Schüler*innen mit unterschiedlichem Migrationshintergrund in einer Klasse von hinten fotografiert

Sam Balye/Unsplash

gem. Antrag: Förderung von Inklusionsschüler*innen in Berufsintegrationsklassen

Verlangsamtes Lernen, mangelnde Impulskontrolle, Aggressionen und eine sozial-emotionale Auffälligkeit sowie Bedürftigkeit: Die Wahrscheinlichkeit, dass in den Berufsintegrationsklassen der Berufsschulen, in denen junge Menschen mit Sprachdefiziten lernen, auch Schüler*innen“ mit Förderbedarf sitzen, ist hoch. Dies ist vor allem im Bereich der „sprachlernenden“ Schüler*innen ein sehr sensibles Thema – insbesondere da es hier Schüler*innen mit Lese-Rechtschreib-Schwächen mit Förderbedarf gibt, der ihnen jedoch nicht attestiert wird.

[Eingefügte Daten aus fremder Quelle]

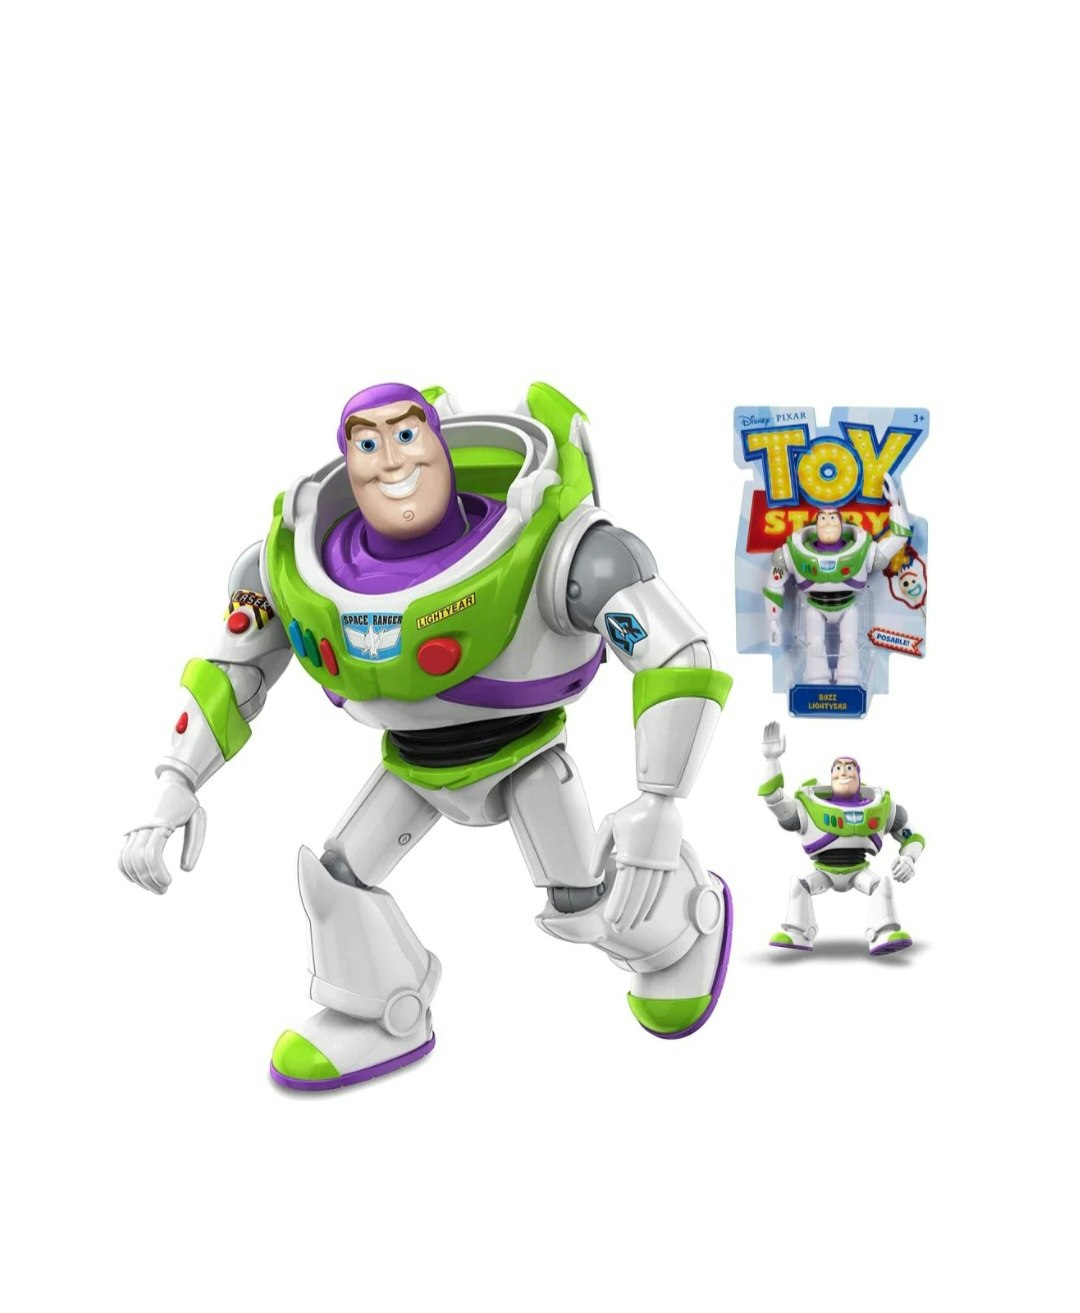 Disney Pixar Toy Story Docka Buzz Lightyear en rymdhjälte i rymddräkt

De facto handelt es sich bei diesen Fällen um Förderklassen, die so aber nicht genannt werden und deshalb auch keine entsprechende Unterstützung erhalten. Dies hat zur Folge – sollte es auch zukünftig keine spezielle Förderung geben – dass sich die Perspektiven für die Schüler*innen sehr negativ entwickeln.

Diesen Schüler*innen fehlt häufig die öffentliche Lobby. Zudem ist eine Unterstützung seitens der Eltern oftmals nicht möglich, da auch diese meist nicht über genügend Sprachkompetenz und Kenntnisse des deutschen Bildungssystems verfügen, um Einspruch einlegen zu können. Somit drohen den betroffenen Schüler*innen massivste Bildungsnachteile. Gerade die vielen Monate der Corona-Beschulung haben die bereits vorher schwierige Situation noch verstärkt – das Erlernen der deutschen Sprache im Zusammenhang mit einem Schulabschluss im beruflichen Bereich und einem möglichen Förderschwerpunkt wird extrem erschwert.

Wir stellen deshalb zur Behandlung im zuständigen Ausschuss folgenden Antrag:

  • Die Verwaltung berichtet,
  • wie viele Schüler*innen in den Berufsintegrationsklassen einen offensichtlichen Förderbedarf haben, auch wenn dieser nicht attestiert ist – aufgeschlüsselt nach Förderbedarf.
  • welche Unterstützungsmaßnahmen zur Attestierung der Förderbedarfe sowie zur individuellen Förderung im Rahmen der Inklusion ergriffen werden können.
  • welche Möglichkeiten der speziellen Förderung für diese Schüler*innen geplant sind.
  • ob eine Alternativlösung mit einem „Zwischenschuljahr“ (zusätzlich zu Eingangs- und Abschlussklassen) mit mehr Förderung für Schüler*innen mit Lernproblemen durchführbar ist. Hierzu nimmt die Stadt – sofern möglich – Verhandlungen mit der Regierung von Mittelfranken beziehungsweise dem bayerischen Kultusministerium auf.
  • welche Möglichkeiten des digitalen Lernens für die Schüler*innen der Berufsintegrationsklassen bestehen.
  • inwieweit weiterhin die Möglichkeit besteht, unterjährig zusätzliche Klassen einzurichten, um Schüler*innen aufzufangen.
  • welche Folgen es hat, wenn Schüler*innen das Klassenziel nicht erreichen.
  • wie viele Schüler*innen in den Berufsschulen aufgrund dieses Förderbedarfs keinen Abschluss erreichen.